+++ Input material +++
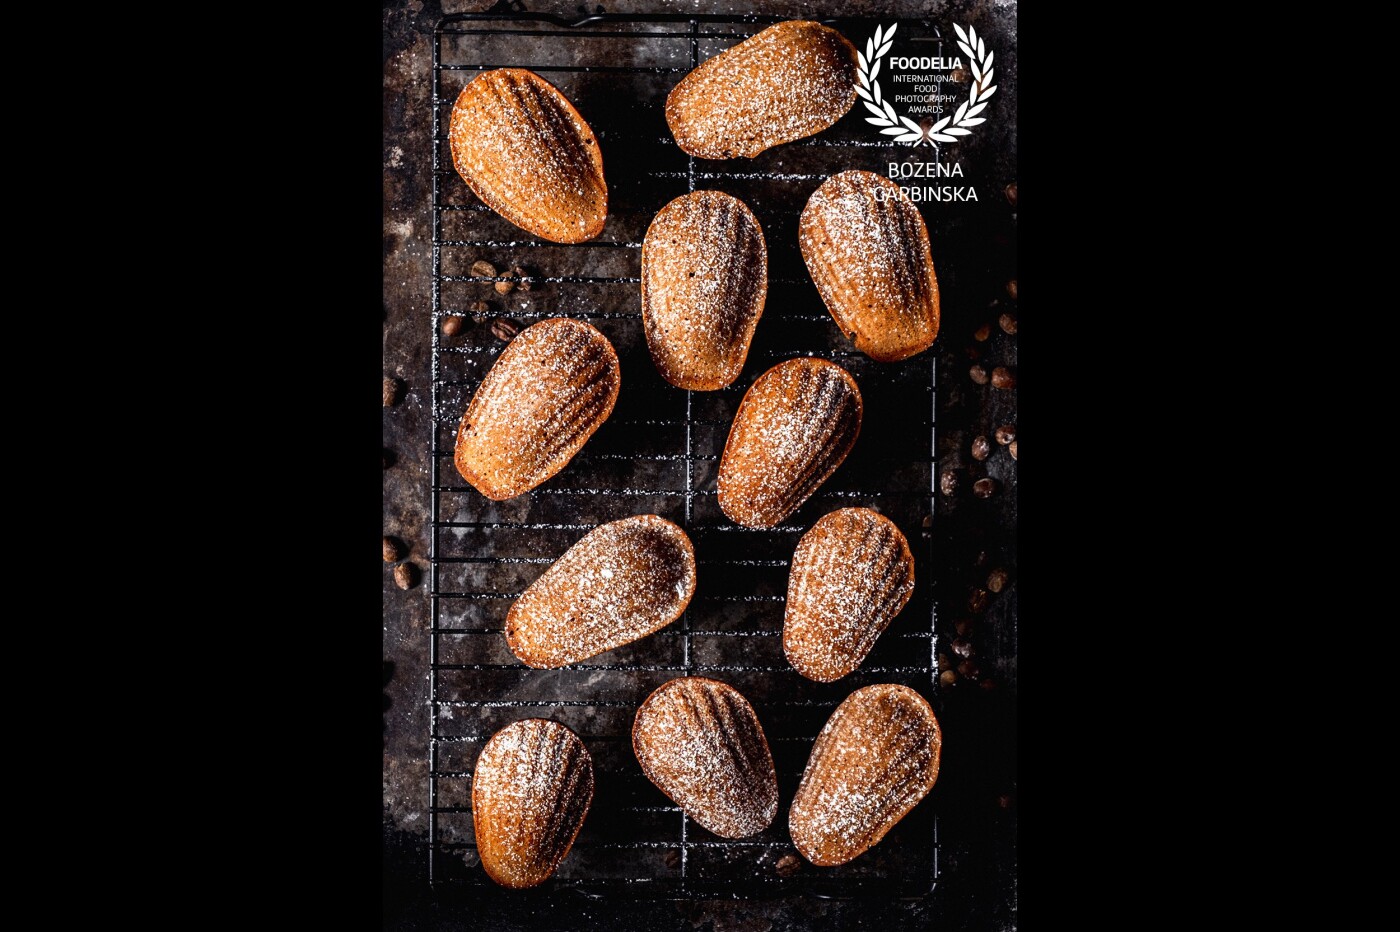 Coffee madeleines.<br />
Camera: Fuji X-T3<br />
Lens: Fujinon 16-55 mm<br />
Settings: ISO 160, 34.2 mm, 1/5 s, f/5.0<br />
Shot using natural light.
+++
#### [Description of the task]
Reproduce, word for word, every line starting at the line that contains "Camera: Fuji X-T3<br />" and ending with the final line of the entries.

#### [Answer to the problem]
Camera: Fuji X-T3<br />
Lens: Fujinon 16-55 mm<br />
Settings: ISO 160, 34.2 mm, 1/5 s, f/5.0<br />
Shot using natural light.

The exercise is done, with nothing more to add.